Building and simulating different stock portfolio and assessing risk and return with Python and R Shiny

Building a portfolio is easier said than done. The sheer amount of combination possibilities is overwhelming. Furthermore, it is oftentimes not completely clear what a certain stock combination will do to the portfolio return and risk. This blog-post clarifies how to determine the portfolio risk and return by showing a two-asset example before moving on to the general n-asset example.

Before starting, we declare the needed packages in Python as well as the directories we are going to need. Furthermore we import the a function which creates financial return data by inputting the

## Packages
import os
import numpy as np
import pandas as pd
import matplotlib.pyplot as plt
from tqdm import tqdm
import quandl
import datetime as dt
import scipy.optimize as solver
## Paths
main_path = r"/Users/user/Documents/projects/markowitz"
raw_path = r"{}/00 Raw".format(main_path)
code_path = r"{}/01 Code".format(main_path)
data_path = r"{}/02 Data".format(main_path)
output_path = r"{}/03 Output".format(main_path)
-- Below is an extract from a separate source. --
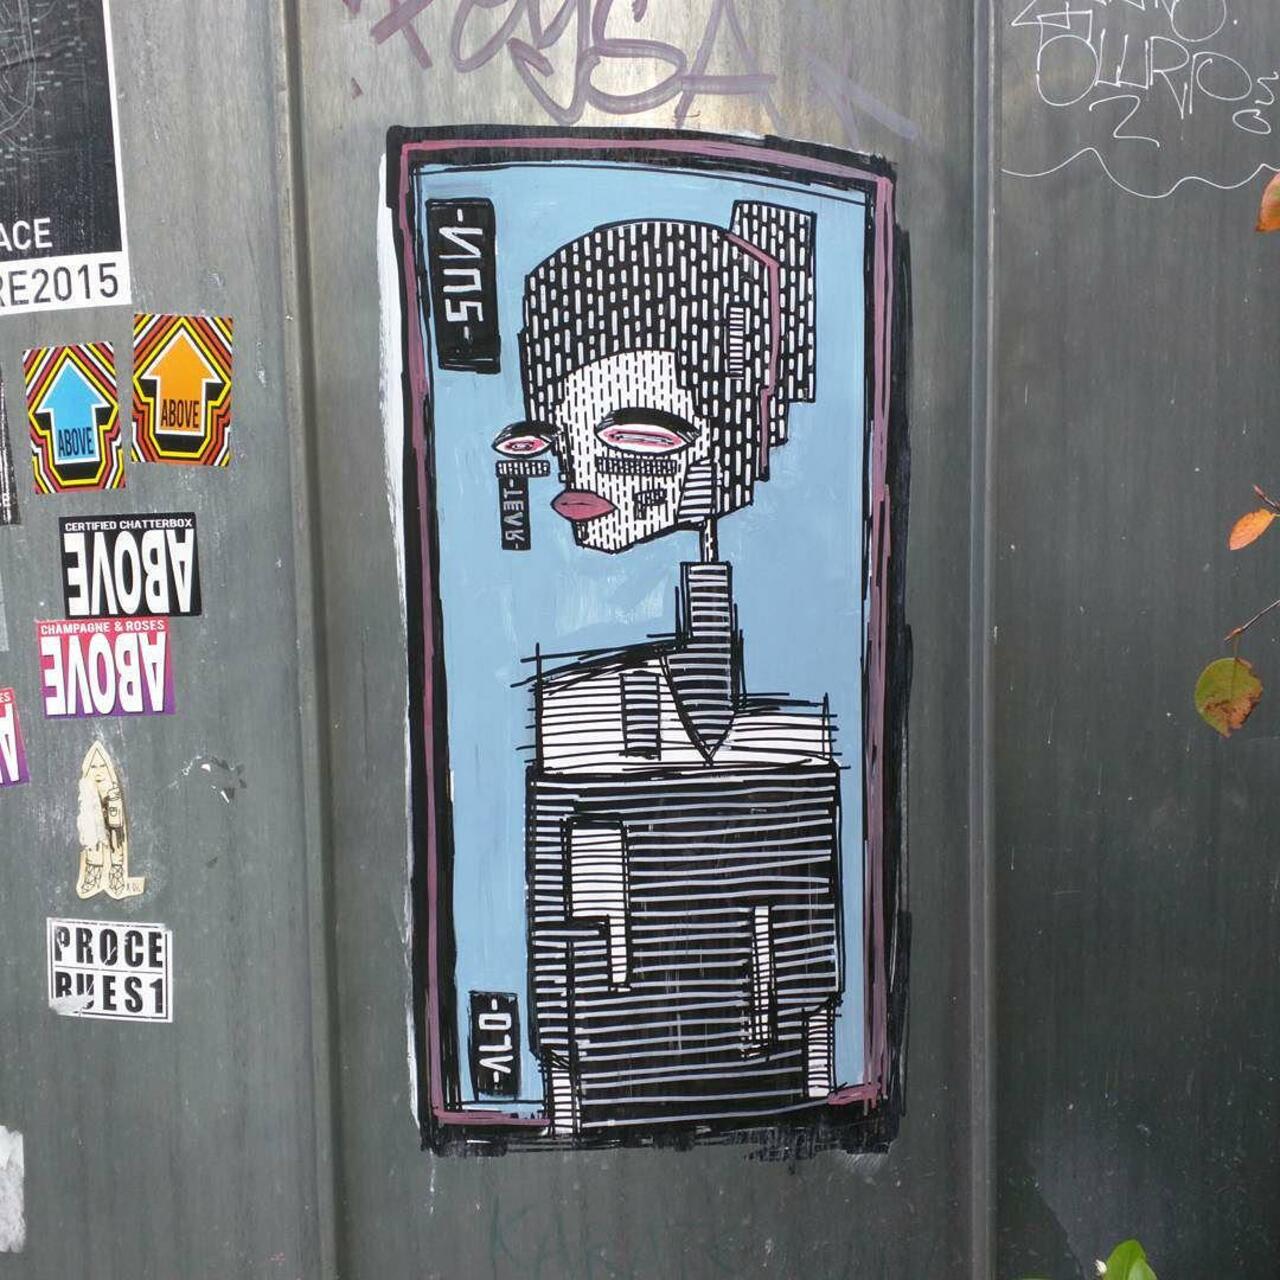 #Paris #graffiti photo by @alphaquadra http://ift.tt/1MeQuxX #StreetArt http://t.co/CJOUKuvGH4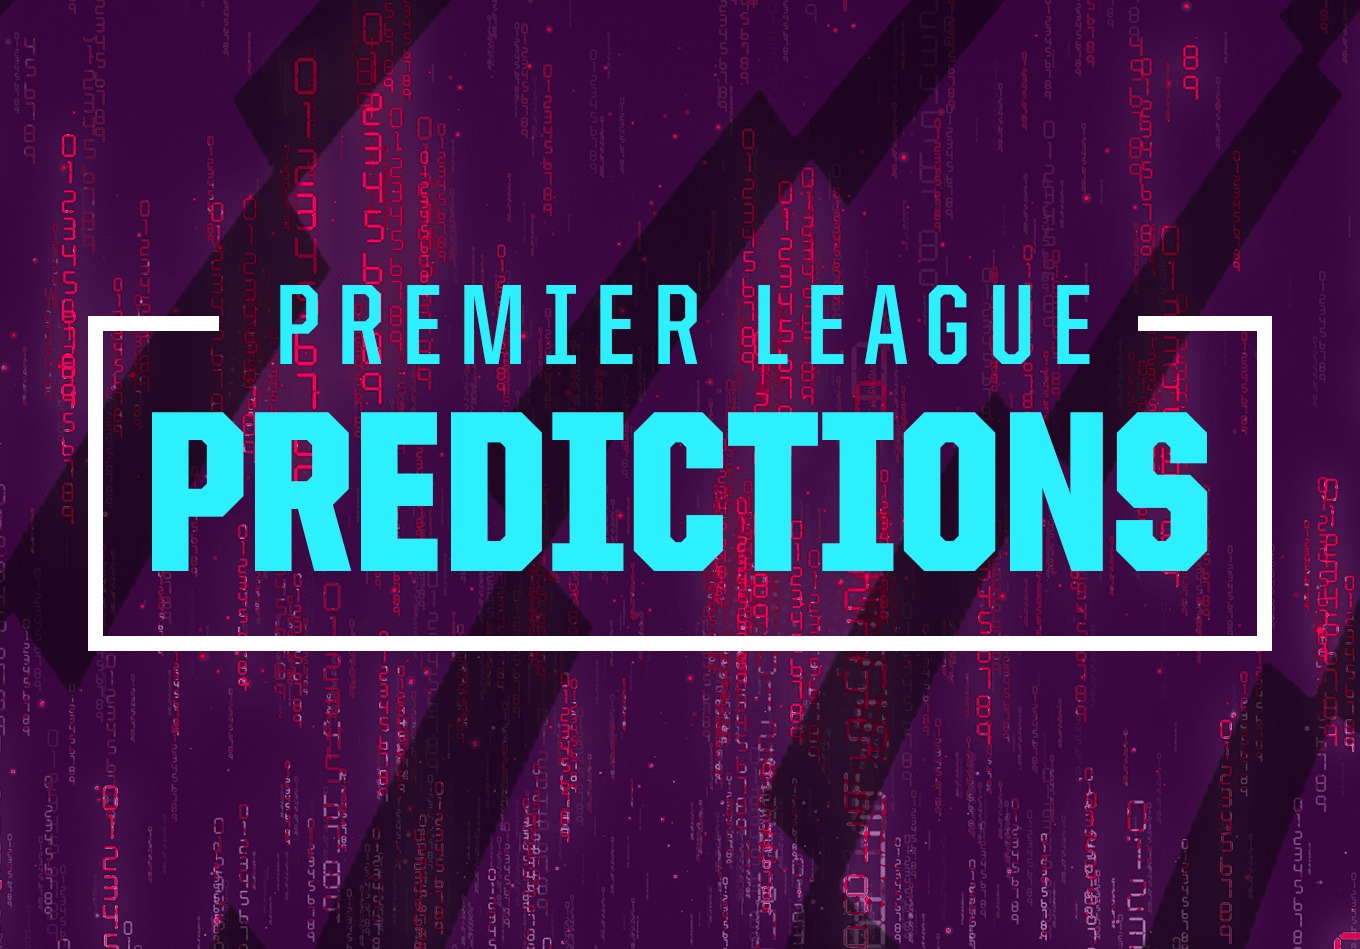 score predictions week 15

Portfolios of Two Risky Assets

When having a multi-asset portfolio there are not many levers we can pull to alter the portfolio’s return and variance. The average return, the risk (standard deviation) of a financial asset as well as the correlation between the two assets is fixed. The only thing we have influence over is how much weight we put on each asset. That means we have to ask ourselves how we should split our capital on the acquisition of both assets, how much of each asset we should buy.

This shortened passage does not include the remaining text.